We extracted the following data from the patient records: age, gender, reported current smoking, and use of statin medication. In addition, the records were checked for other medications, diabetes, rheumatoid diseases, and indicators of periodontal health.

A visible plaque index for index teeth [20] was extracted from the records.

For all teeth, we extracted recordings of six periodontal Probing Pocket Depth (PPD) values, measured to the nearest millimetre, from mesiobuccal, midbuccal, distobuccal, distolingual, midlingual, and mesiolingual surfaces using a WHO periodontal probe. [2124]. Data on bleeding on probing was recorded for index teeth only and not included in the study. For a full dentition of 28 teeth, this yields 168 measurements. A gingival sulcus is considered physiological when PPD is less than 4 mm. The number of sites with moderate periodontal lesions (PPD at least 4 mm and less than 6 mm, modPPD) and advanced periodontal lesions (PPD 6 mm or deeper, advPPD) were recorded separately. For a dentition of 28 teeth, both of these indicators yield a maximum value of 6 × 28 = 168.

A novel index, Periodontal Inflammatory Burden Index or PIBI, was derived from the PPD values. The index is calculated by adding the number of periodontal sites indicating moderate periodontitis (NmodPPD) to the weighted number of periodontal sites indicating advanced periodontitis (NadvPPD).

NmodPPD = number of sites with moderate periodontal lesions

NadvPPD = number of sites with advanced periodontal lesions

PIBI = ∑ (NmodPPD + 2 NadvPPD)

If all measurement sites are advPPD in a 28-tooth dentition, PIBI can reach a maximum value of 336.

Statistical analysis

Student's t-test was used to compare the means of the outcome variables following normal distribution. Kolmogorov-Smirnov test was used to estimate normality of the distribution, and Levene's test the equality of variances. The distribution-free Mann-Whitney U-test was applied to compare the medians when the values were not normally distributed [25]. The results are given as mean, standard error (SE), and the number of subjects in the group, unless otherwise indicated. The 95% confidence intervals and exact two-tailed p-values are given for each comparison.

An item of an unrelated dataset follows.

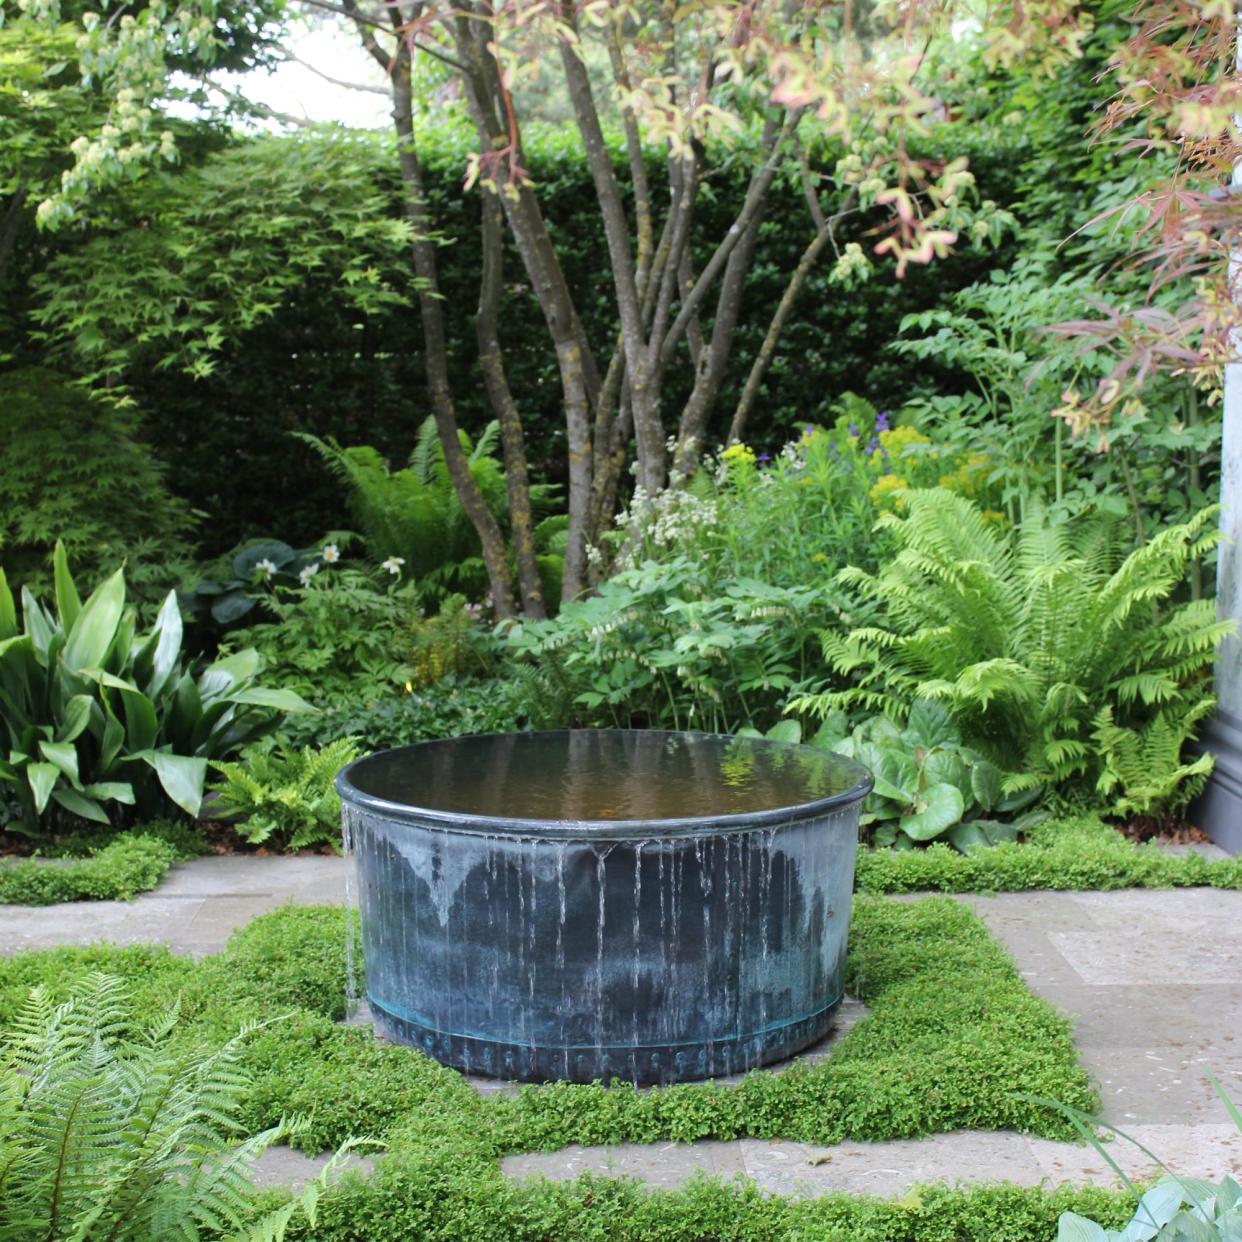  A black water tub feature at RHS Chelsea Flower Show. 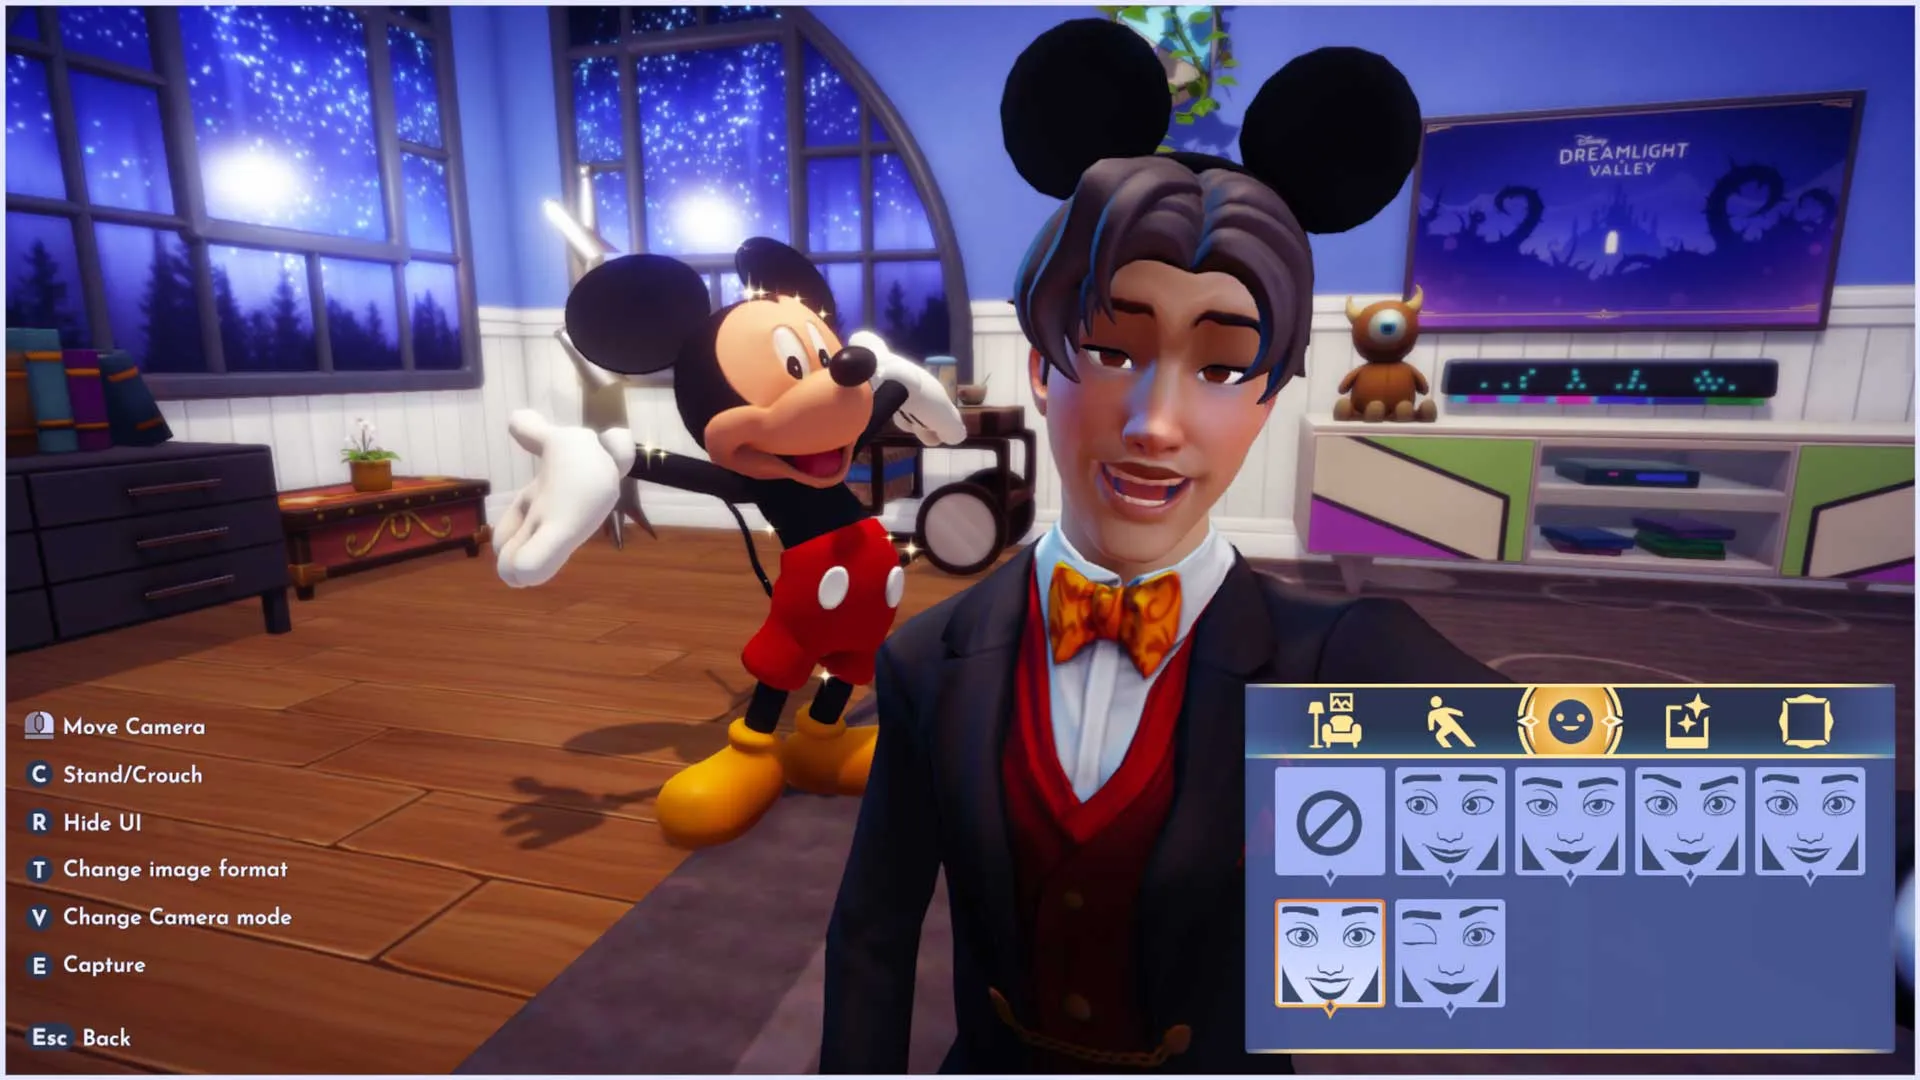 Disney Dreamlight Valley Founder's Pack pre-orders open, free Avatar Designer Tool out now

In order to examine relationships between subjects' background variables and the number of periodontal pockets and PIBI, linear regression analysis was performed separately for the statin using patients and patients without statin.

Statistical calculations were performed using SPSS version 13.0 software (SPSS Inc., Chicago, Illinois) when appropriate.


Patient characteristics

The demographic data of study subjects are presented in Table 1. Of the 100 consecutive patients referred to the clinic for periodontal treatment, three did not fulfil the inclusion criteria of having at least 50% of the dentition remaining. Of the eligible subjects (n = 97), 44 were women. The mean age of all study subjects was 53 years (range 42–69 years, Table 1).

Table 1 Description of study participants (n = 97)

The percentage of smokers was greater in statin users (28.6%) than in patients not receiving statin (18.4%). Diabetes was more frequent in statin users (28.6% vs. 3.9%). The percentage of patients with rheumatic disease was similar in both groups.

The number of remaining teeth of statin-using patients was 24.3 (SE 0.7) when that of non-using patients was 26.1 (SE 0.4). All subjects had poor oral hygiene, evident as visible dental plaque and gingival bleeding on probing.

Twenty-one subjects were on statin medication: 11 used atorvastatin, 7 simvastatin, 2 fluvastatin, and 1 rosuvastatin. All statin-using patients were receiving a conventional low-dose statin therapy.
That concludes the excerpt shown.